Diffusing CO2 to control PH

[chem geek]

Remember what I said in my original post replying to yours: "Now over time, one often notices the TA rising slowly in pools whose pH is managed by carbon dioxide injection, but this is due to other sources of rising pH other than carbon dioxide outgassing."

I didn't say that there couldn't be TA rise, just that the carbon dioxide injection wasn't the direct source of it. If the primary cause of pH rise was carbon dioxide outgassing, then adding carbon dioxide would be the exact opposite so where would the increasing TA over time come from? It's not from the carbon dioxide. Regardless of all the chemistry that I referred to, if you add something to the water and then remove it (or vice versa), it is back to where it started. Carbon dioxide injection for lowering the pH makes sense to do IF the reason for rising pH is carbon dioxide outgassing in the first place. If the source of pH rise is from other sources that are essentially strong bases, then the net result WILL be a rise in TA. I never disputed that. The bottom line is that it is best to balance carbon dioxide outgassing with carbon dioxide injection and best to balance pH rise from a strong base by adding a strong acid. Actually, if one has carbon dioxide outgassing, it is even better to just lower the TA level since that will reduce the rate of such outgassing in the first place.

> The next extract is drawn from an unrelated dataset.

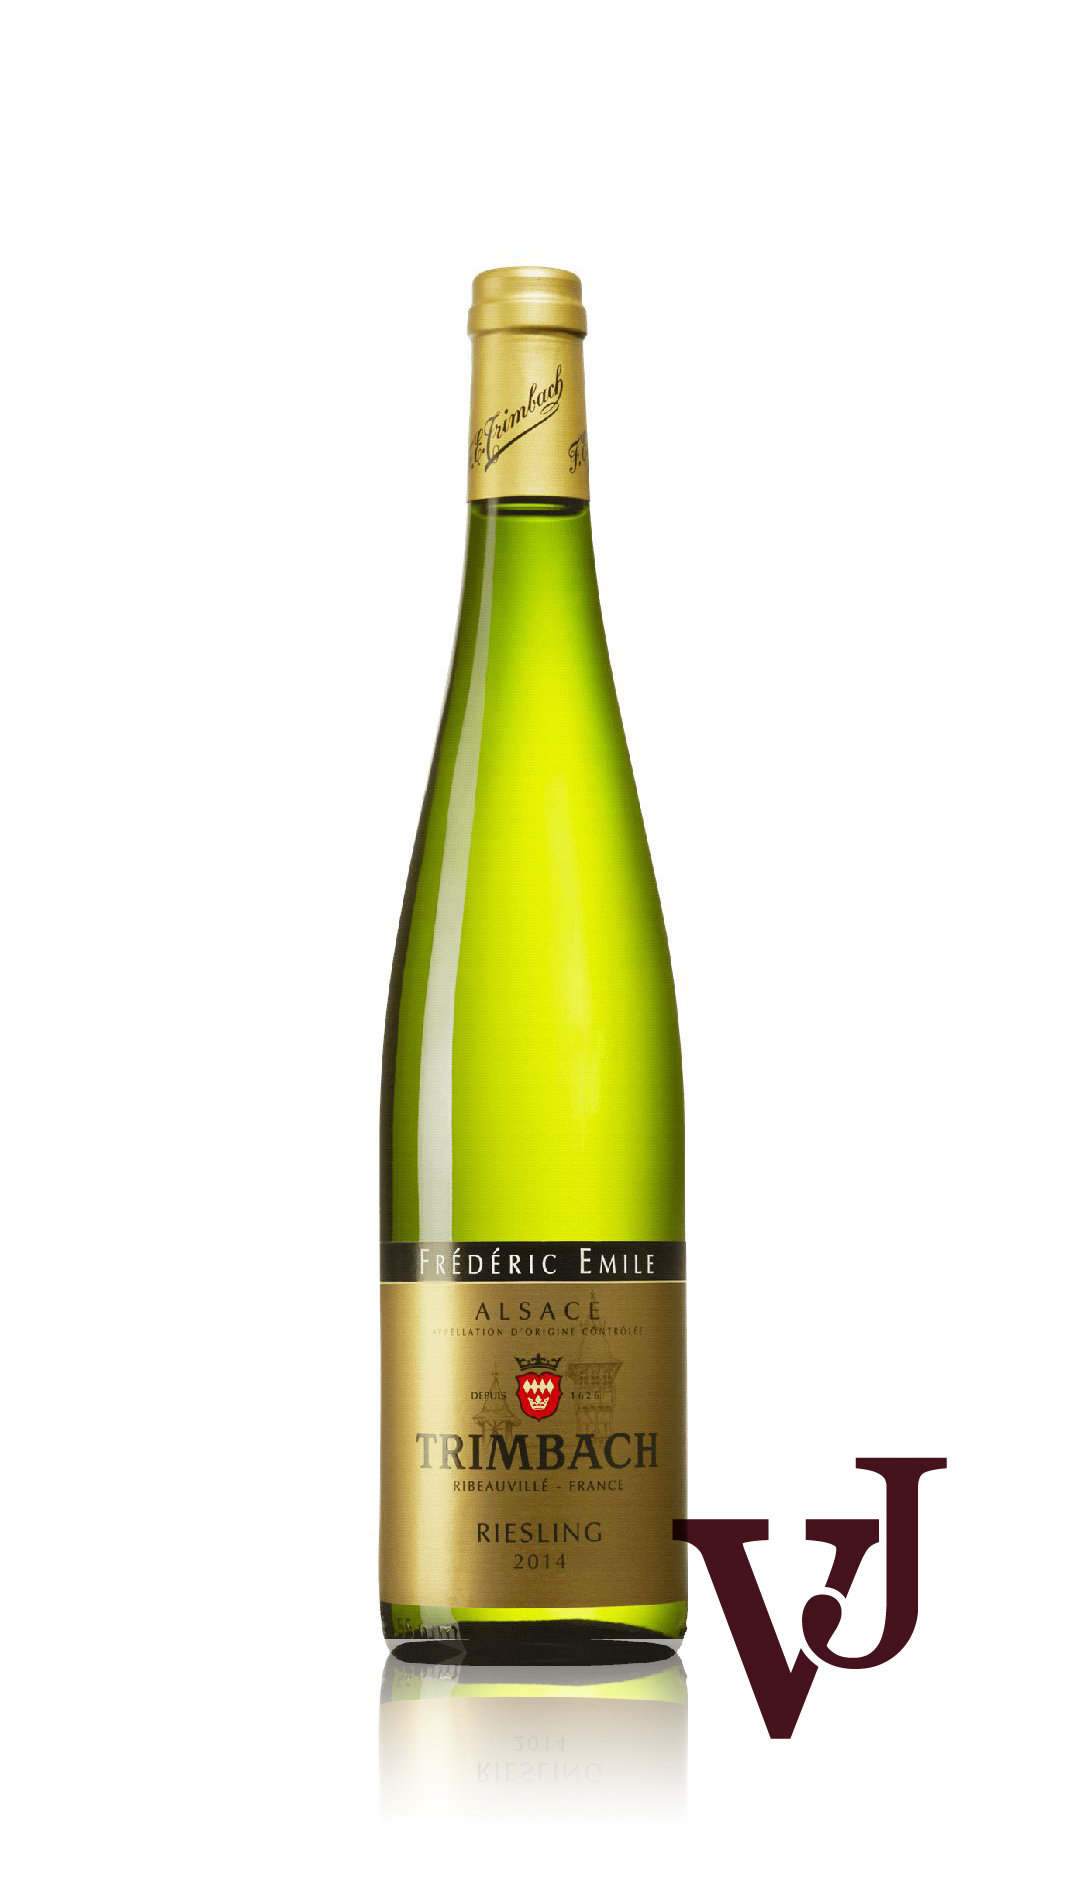 Vitt Vin - Trimbach Riesling Cuvée Frédéric Emile artikel nummer 9570801 från producenten Trimbach från området Frankrike

If part of the pH rise is due to curing of plaster, for example, or from "excess lye" in hypochlorite sources of chlorine or from side reactions or outgassing of chlorine from SWG systems, then using carbon dioxide for pH control results in a TA rise from these "strong base" sources. It's the opposite of the "strong acid" example I gave that lowered both pH and TA. With a "strong base", both pH and TA are raised so if you lower the pH with carbon dioxide, then the net result is a rise in TA.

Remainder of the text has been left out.